**EXERCISE OBJECTIVE:** Give back exactly the lines from the one that holds "Helsinki sofa cama 2021 baja 04" through the final line of the data; omit the pictures and add nothing.

**COLLECTED MATERIAL:**
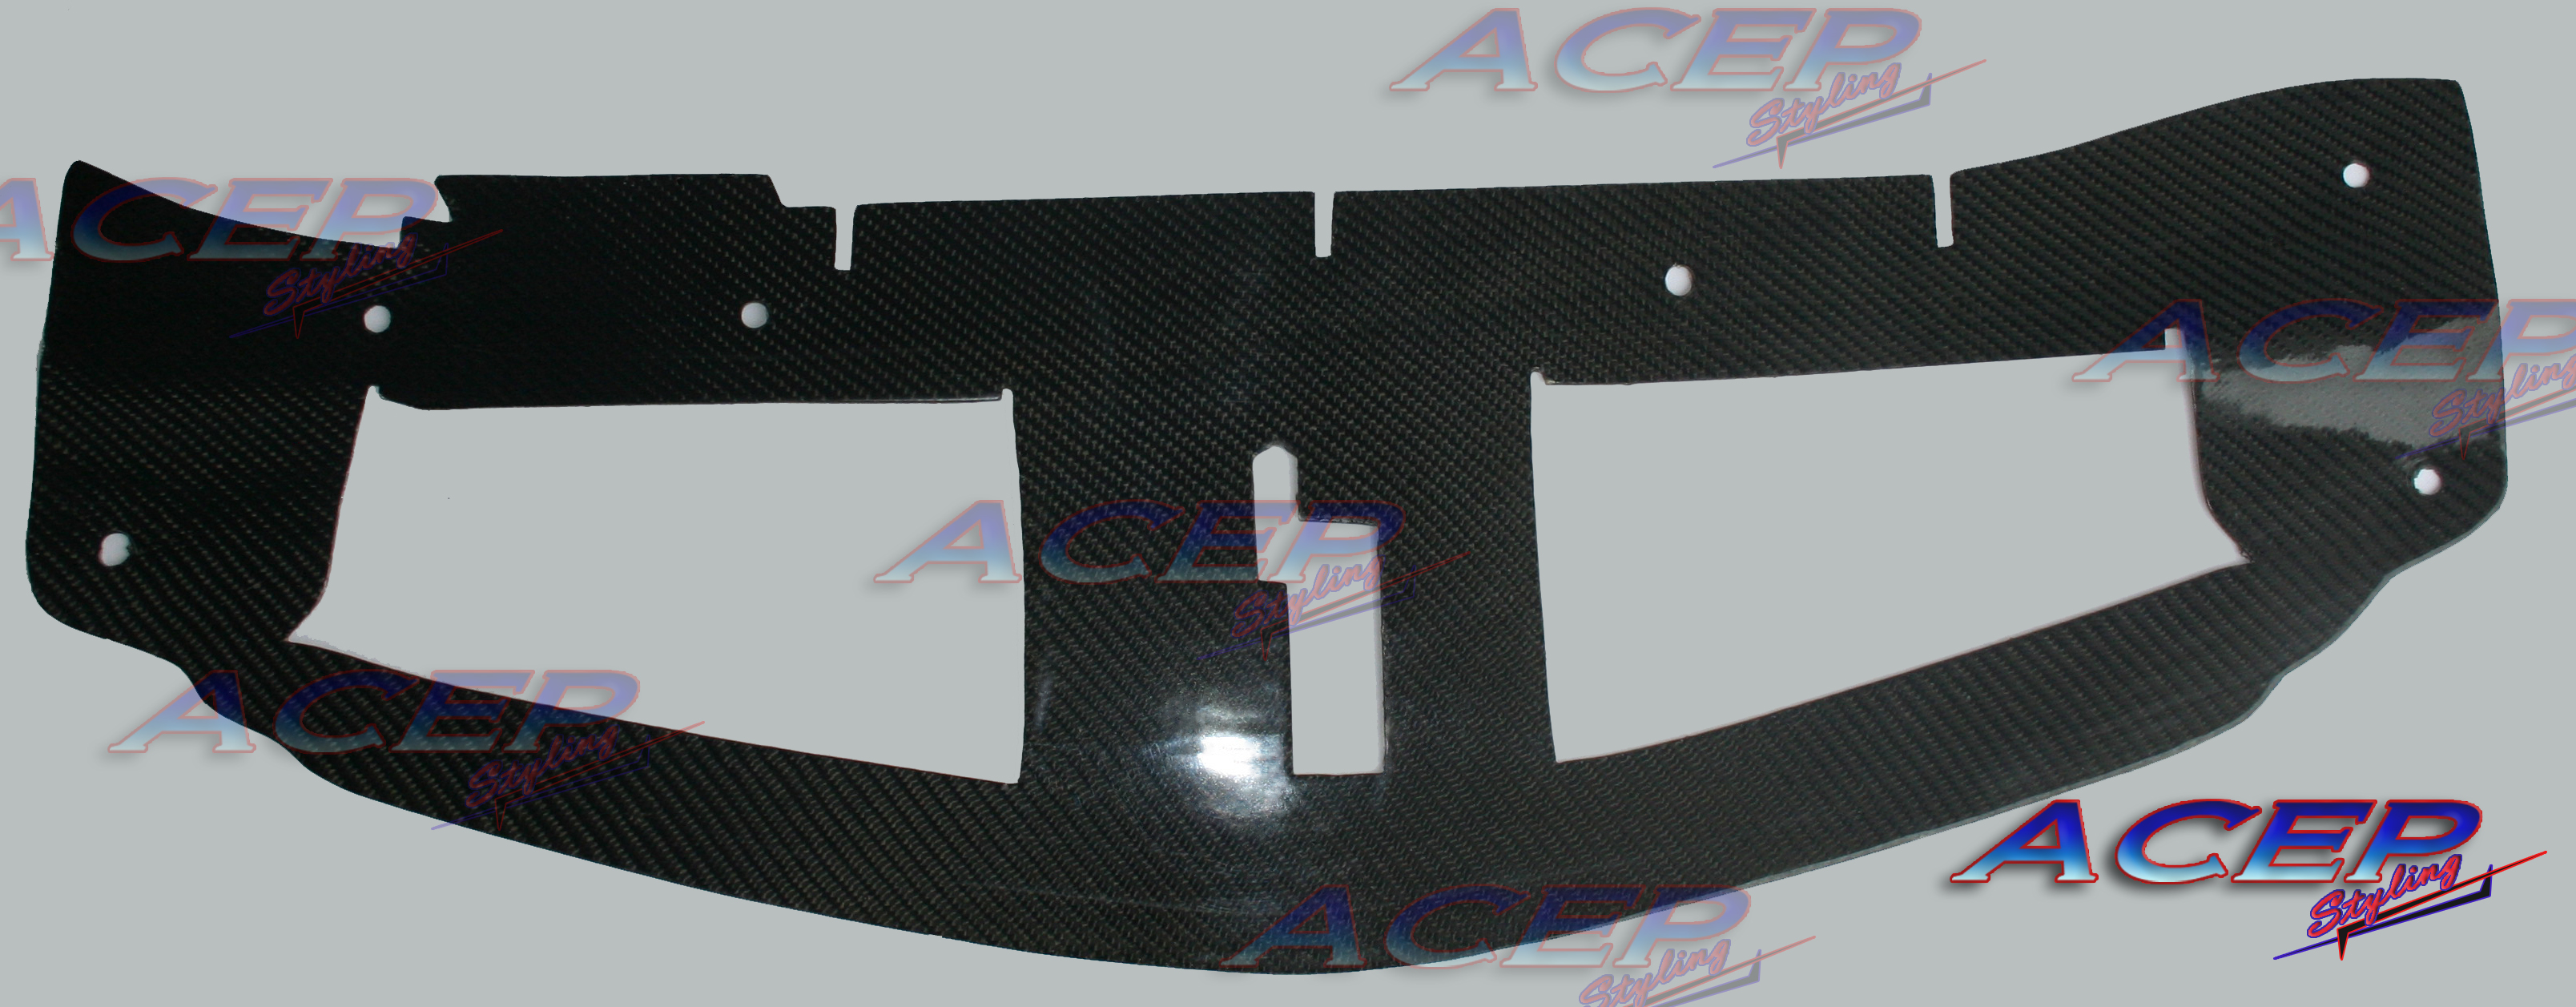 z3-coolant-platecf1.jpg
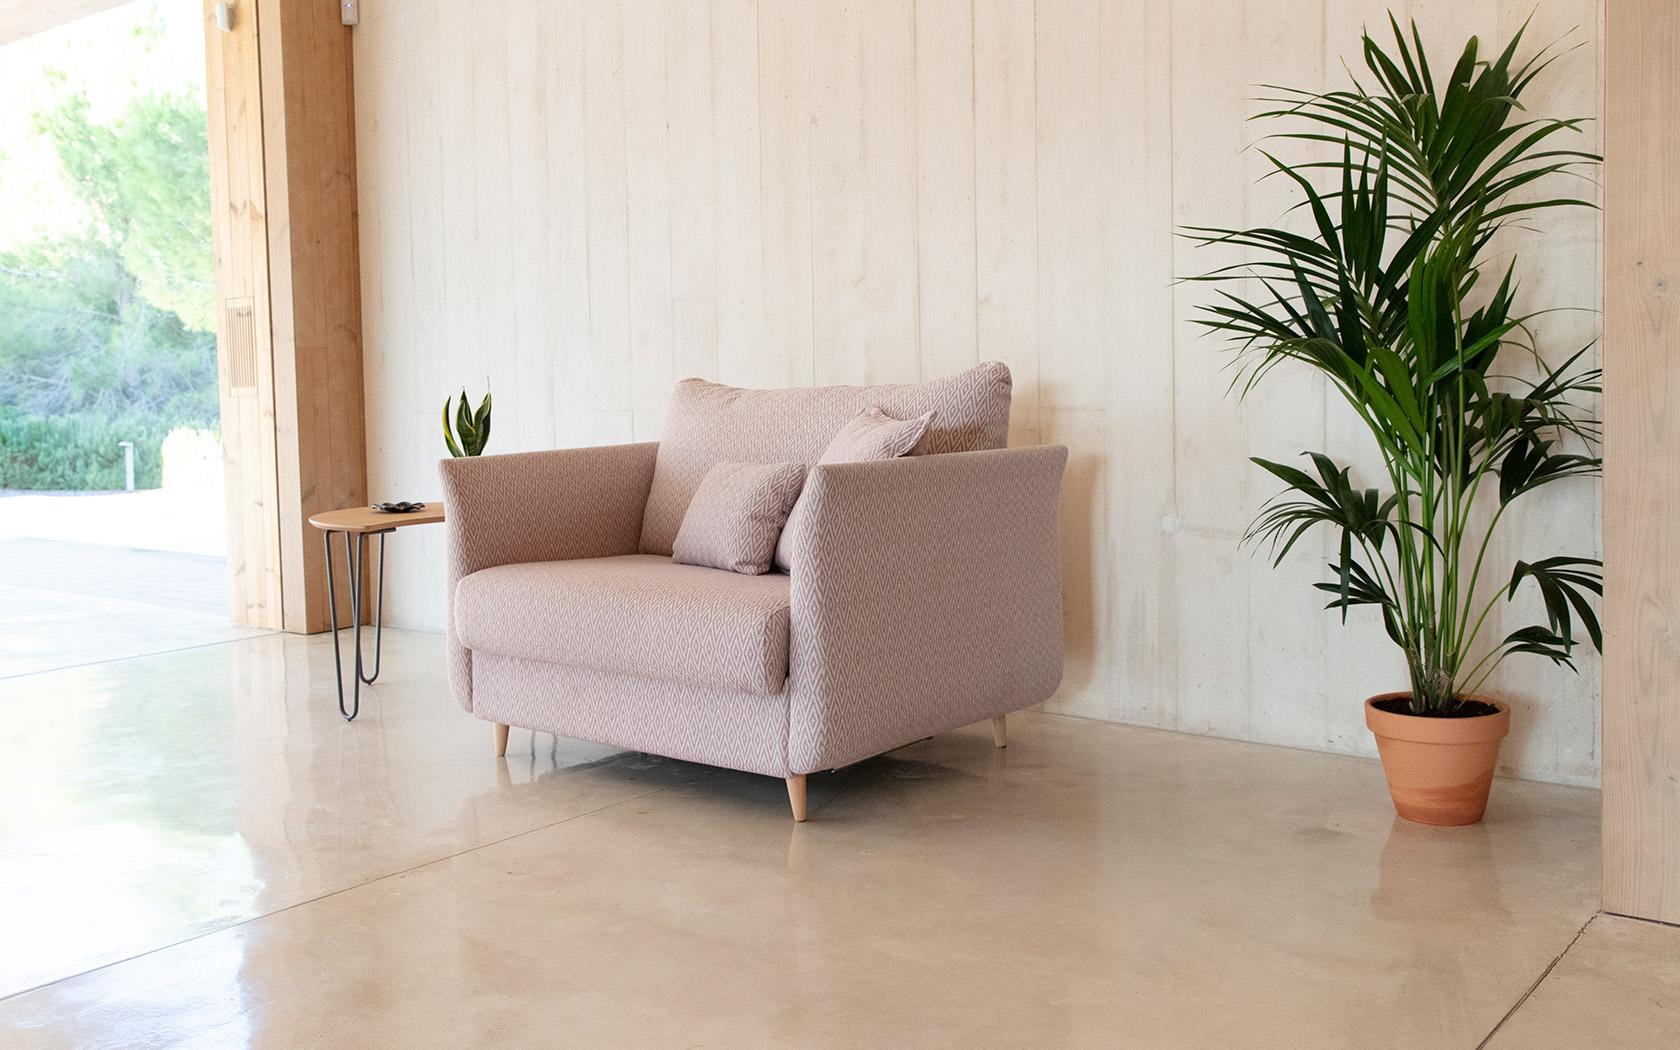 Helsinki sofa cama 2021 baja 04
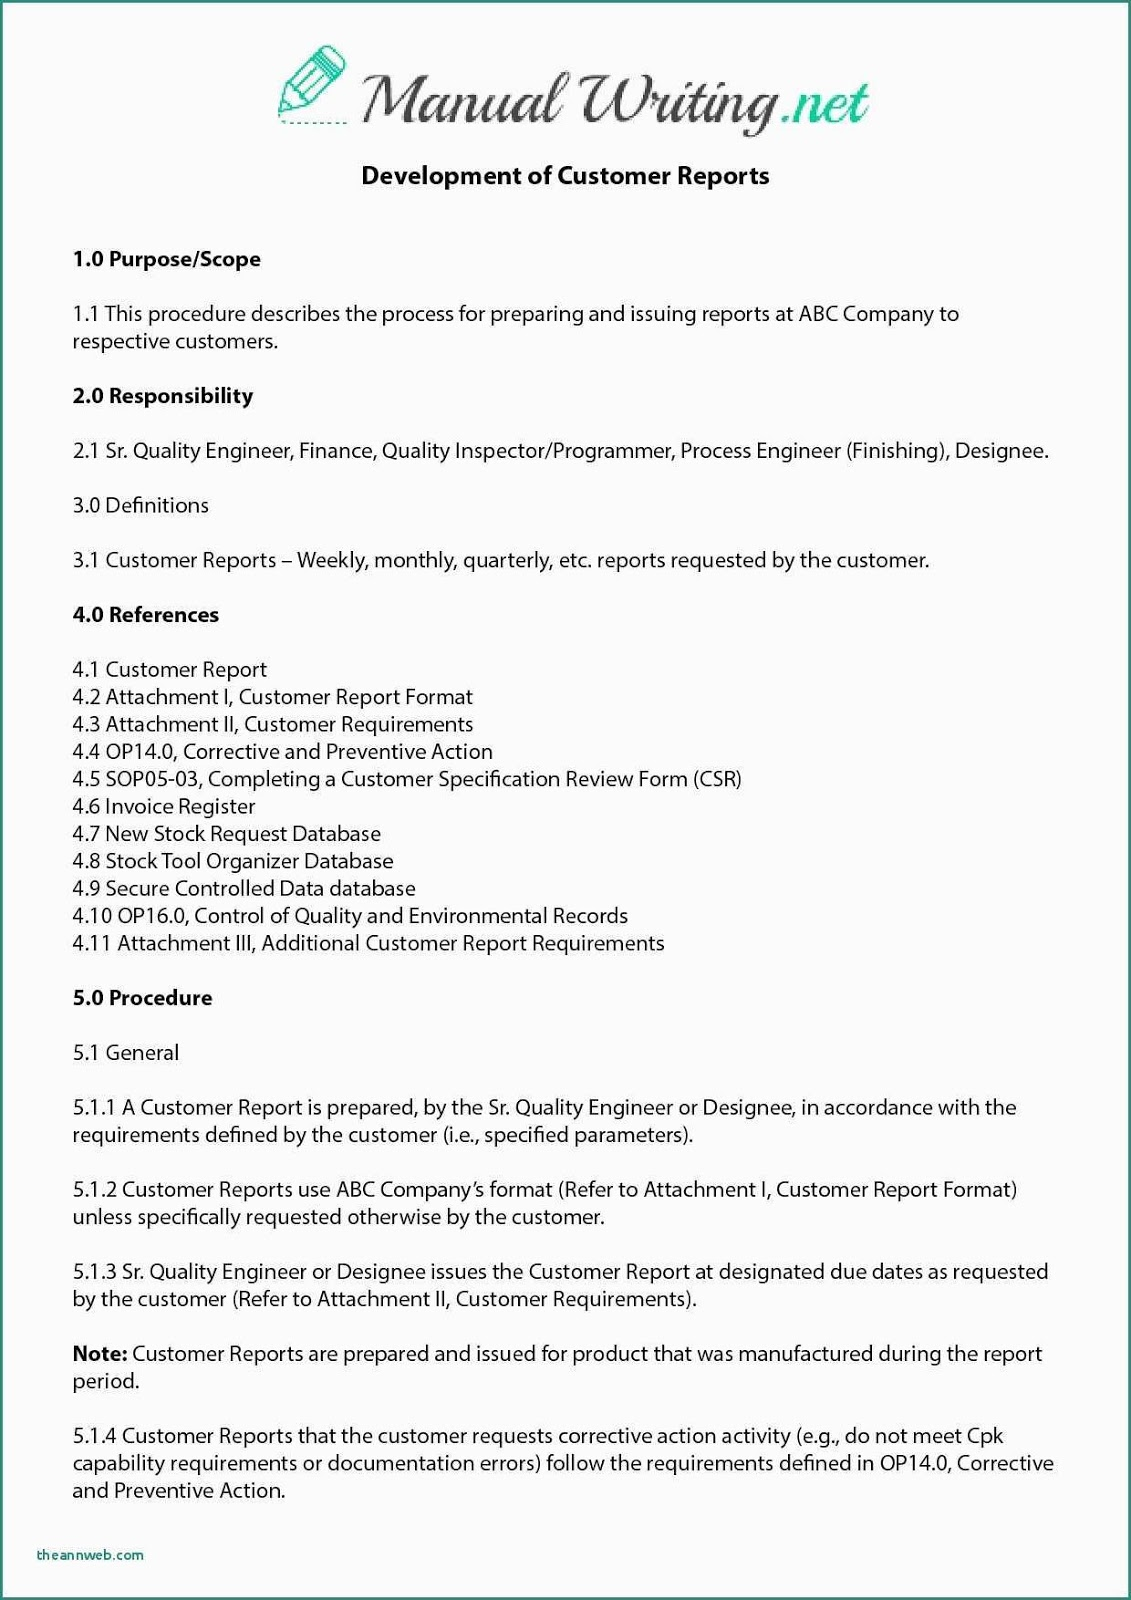 Mechanical Engineering CV Format, mechanical engineering cv format for fresher pdf, mechanical engineering cv format word, mechanical engineering cv format for fresher, mechanical engineering cv format, Mechanical Engineering CV Format 2019
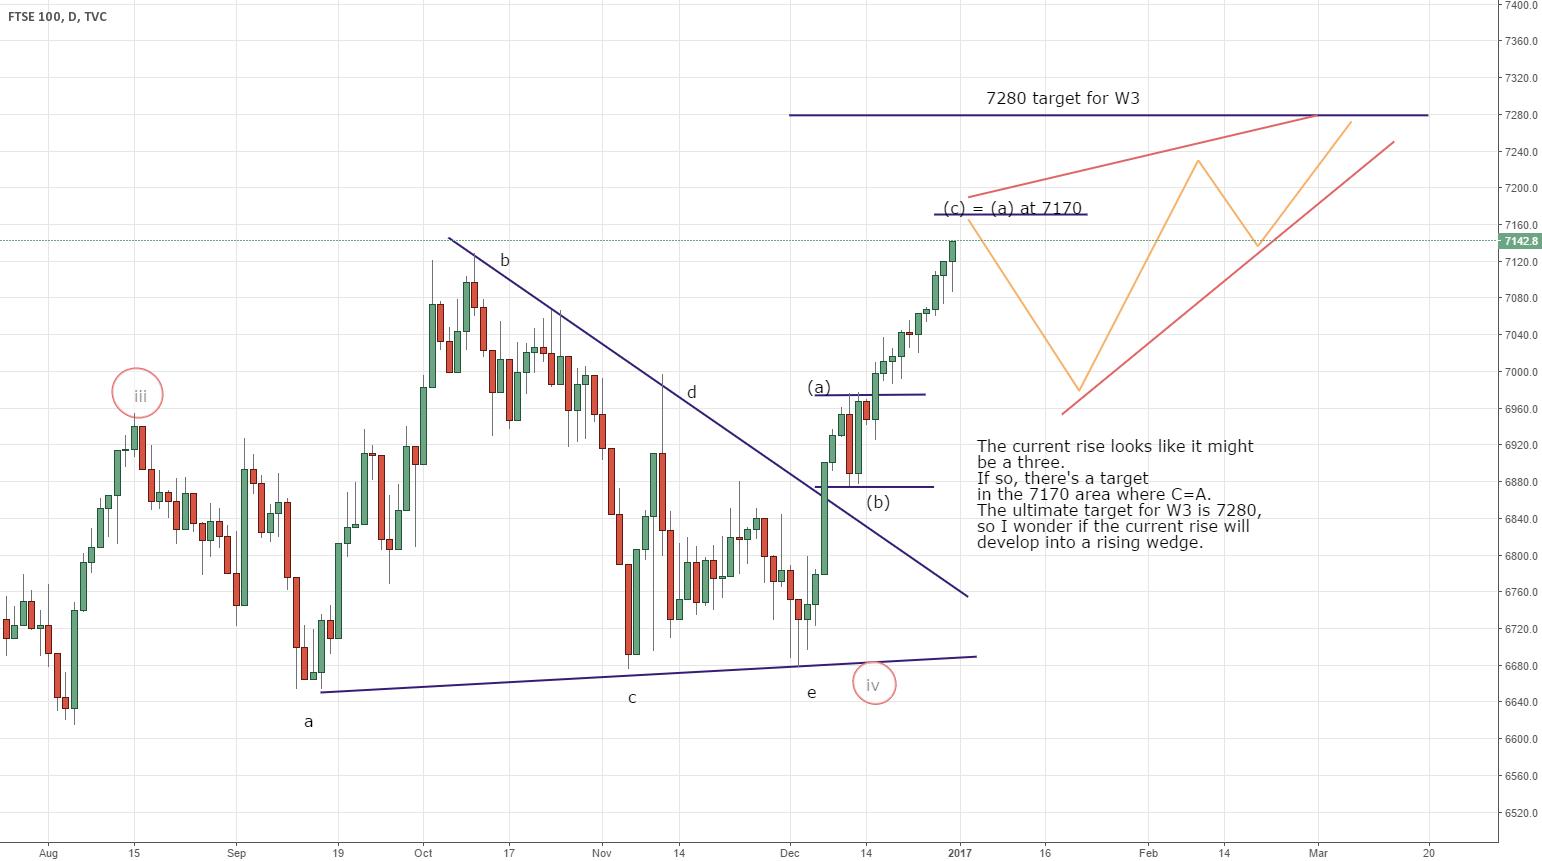 FTSE rising wedge developing?

**SOLUTION TO THE EXERCISE:**
 Helsinki sofa cama 2021 baja 04
 Mechanical Engineering CV Format, mechanical engineering cv format for fresher pdf, mechanical engineering cv format word, mechanical engineering cv format for fresher, mechanical engineering cv format, Mechanical Engineering CV Format 2019
 FTSE rising wedge developing?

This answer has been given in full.